→ EXERCISE OBJECTIVE
The answer must consist only of the lines in the records below from the line with "Български звукови колони КЗ-8, КЗ-15 и КЗ-25" to the line with "Western Australian Explorations", both included, copied word for word with every picture left out.
RECORDED INFORMATION START
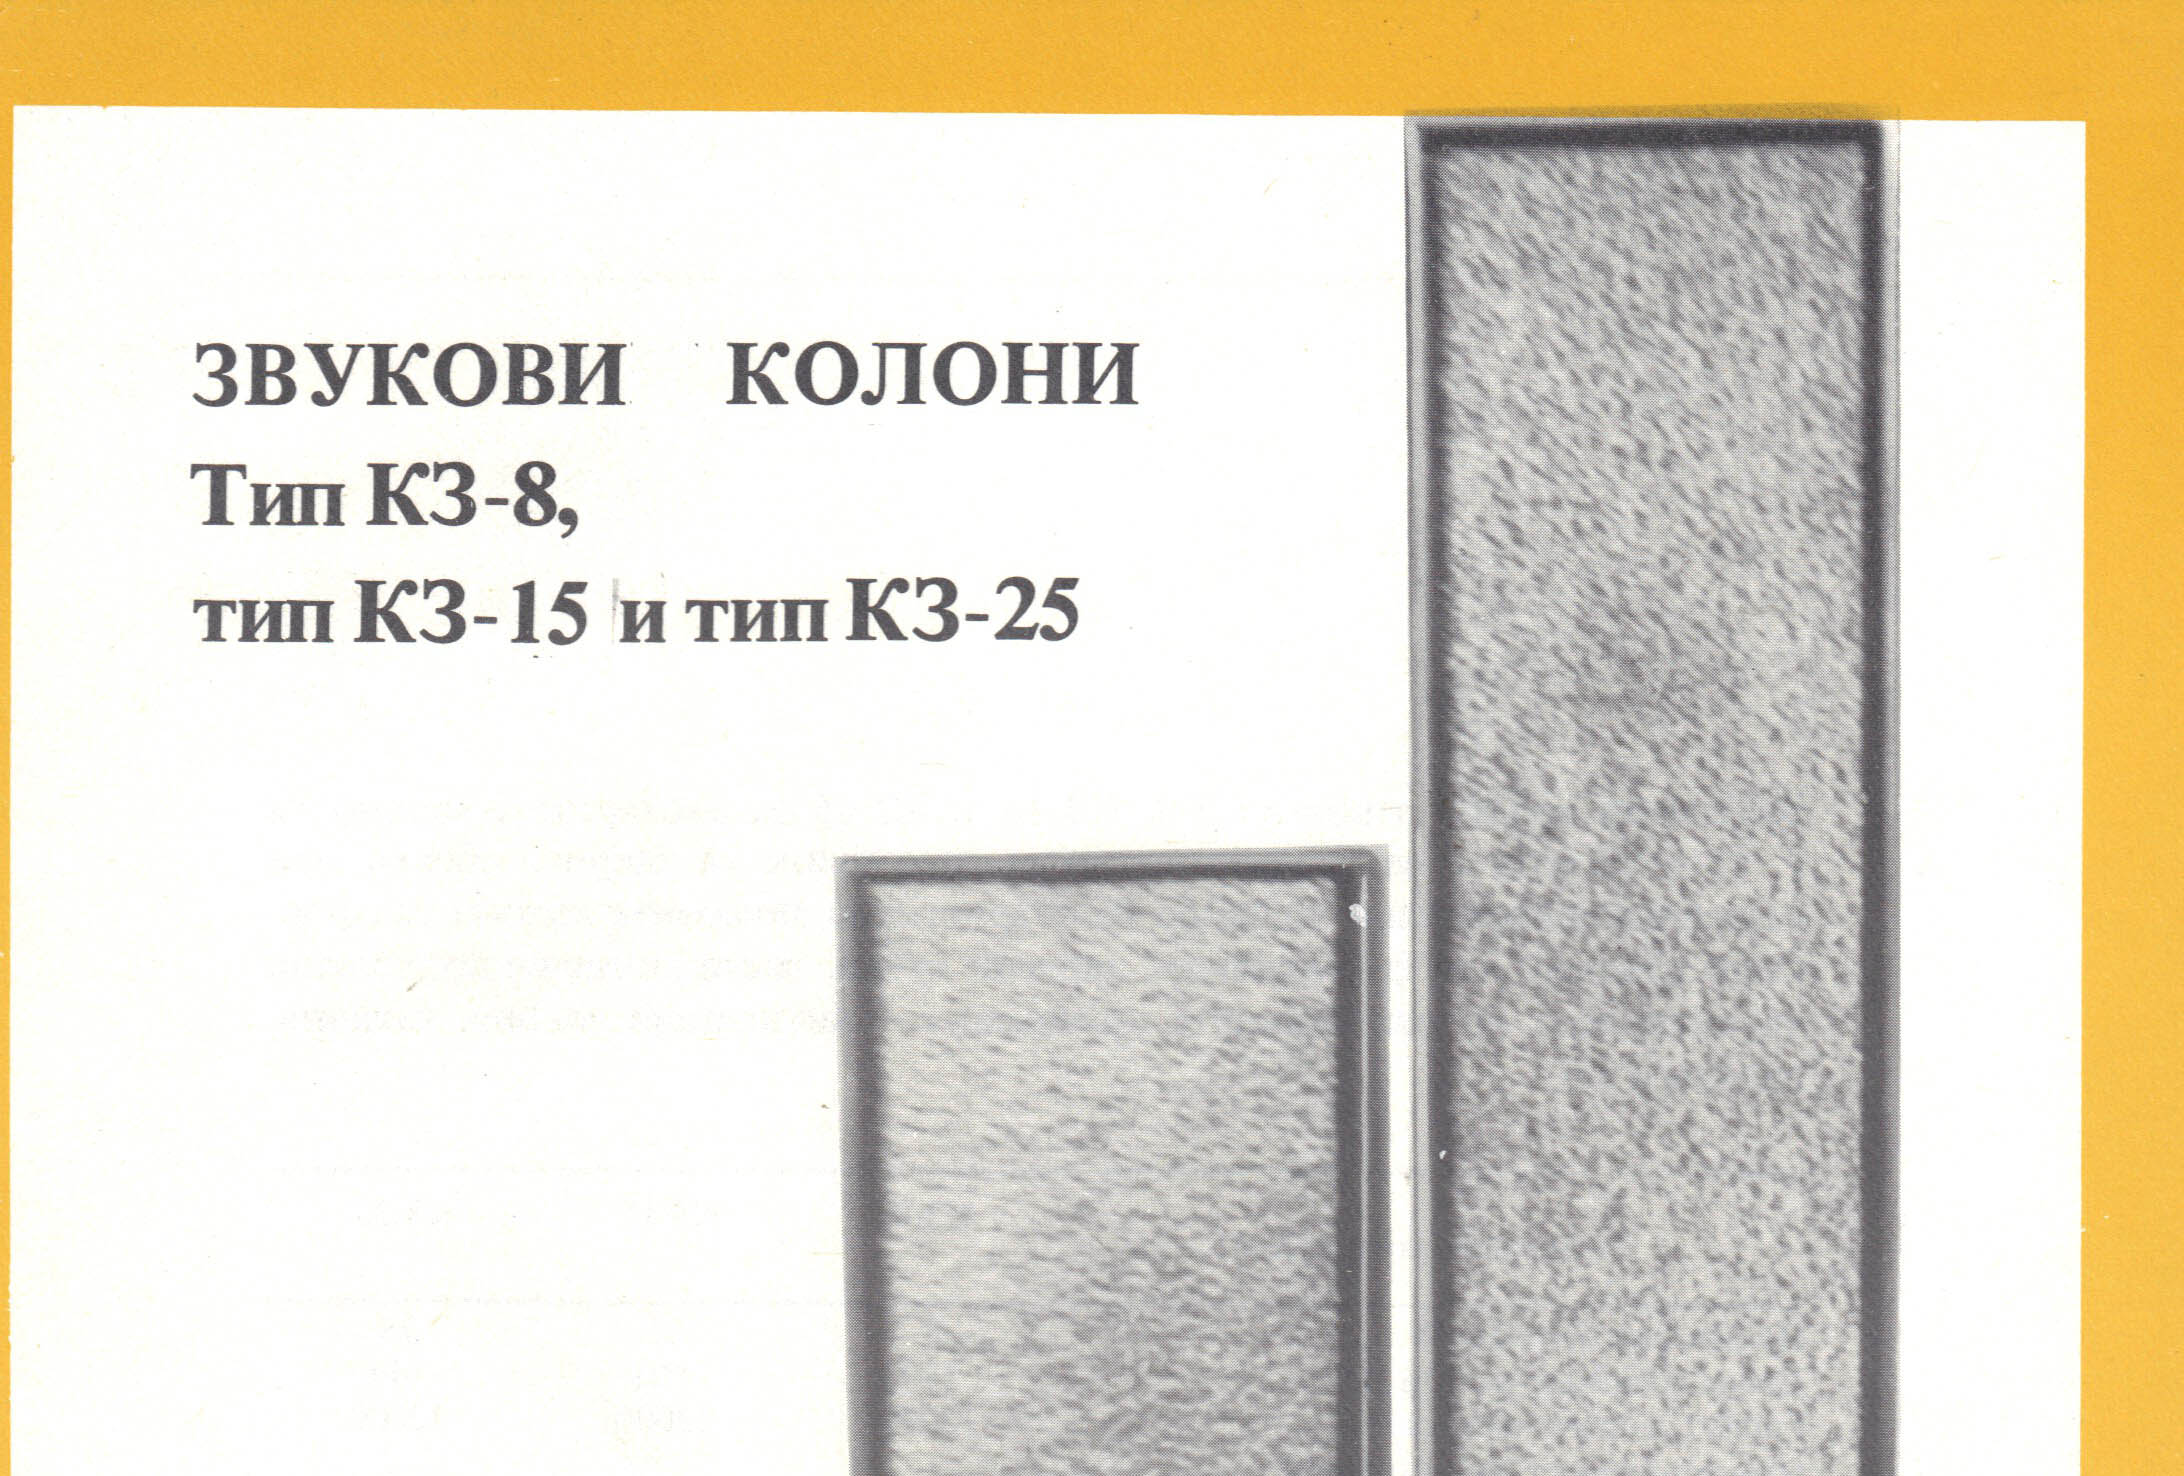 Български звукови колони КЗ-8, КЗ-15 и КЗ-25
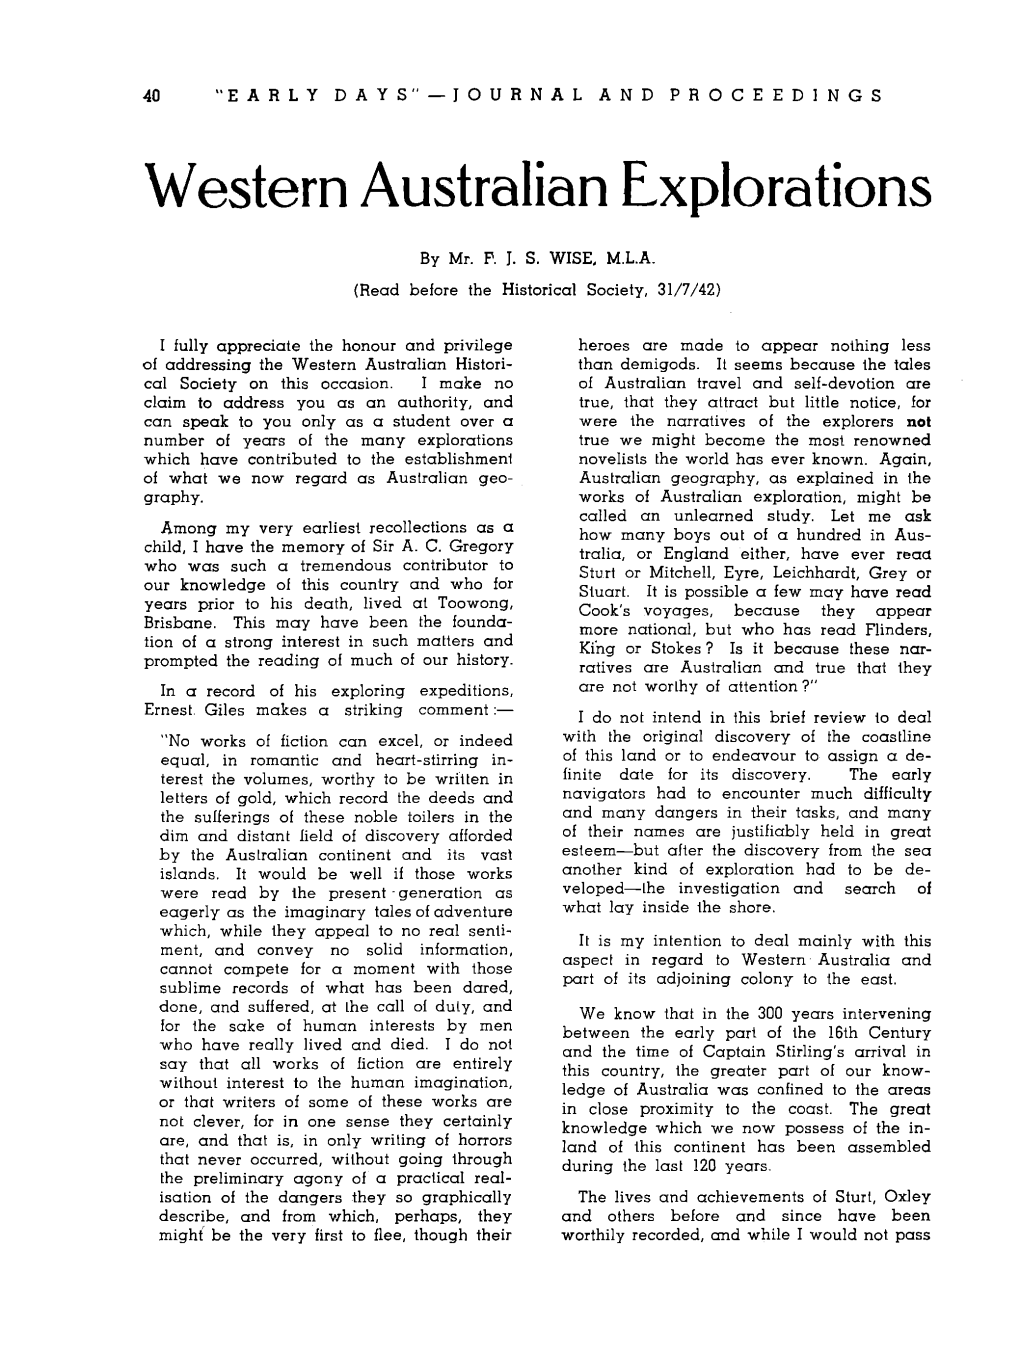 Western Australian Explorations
RECORDED INFORMATION END
RECORDED INFORMATION START
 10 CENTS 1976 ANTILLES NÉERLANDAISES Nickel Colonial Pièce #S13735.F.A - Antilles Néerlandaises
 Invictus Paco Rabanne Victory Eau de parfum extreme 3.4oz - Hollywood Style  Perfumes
RECORDED INFORMATION END
RECORDED INFORMATION START
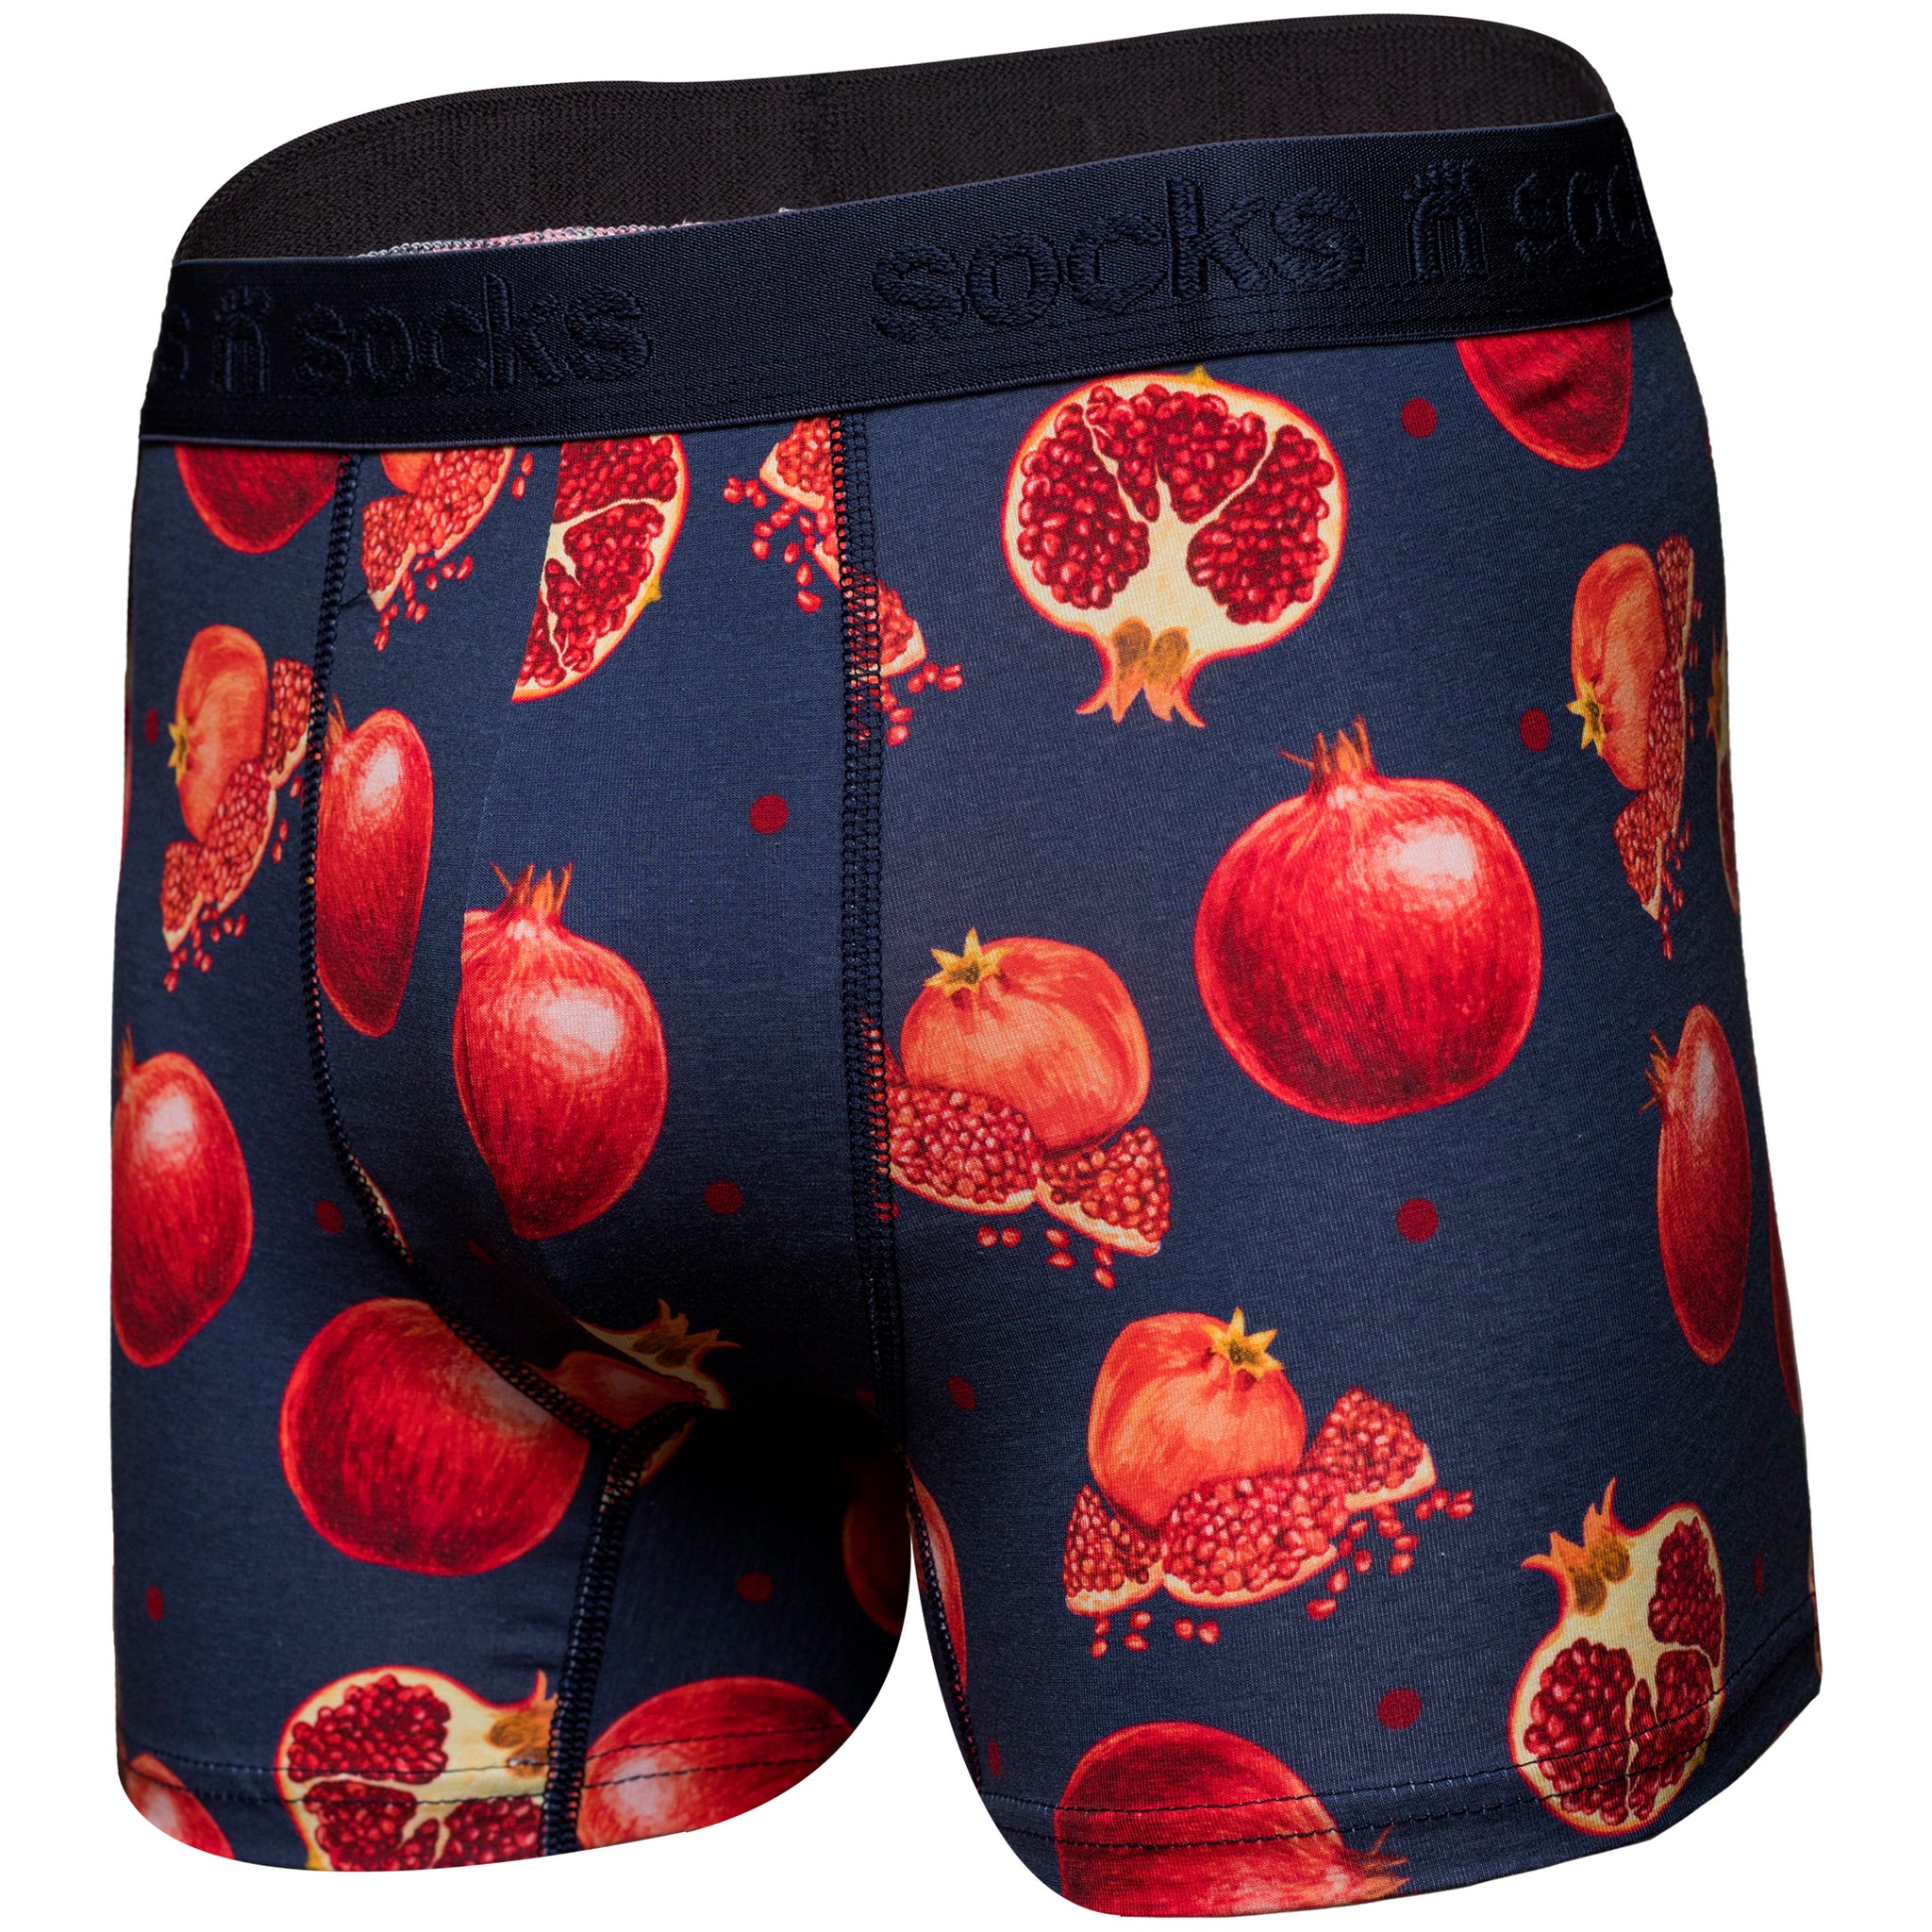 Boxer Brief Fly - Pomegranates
RECORDED INFORMATION END
→ OUTPUT
 Български звукови колони КЗ-8, КЗ-15 и КЗ-25
 Western Australian Explorations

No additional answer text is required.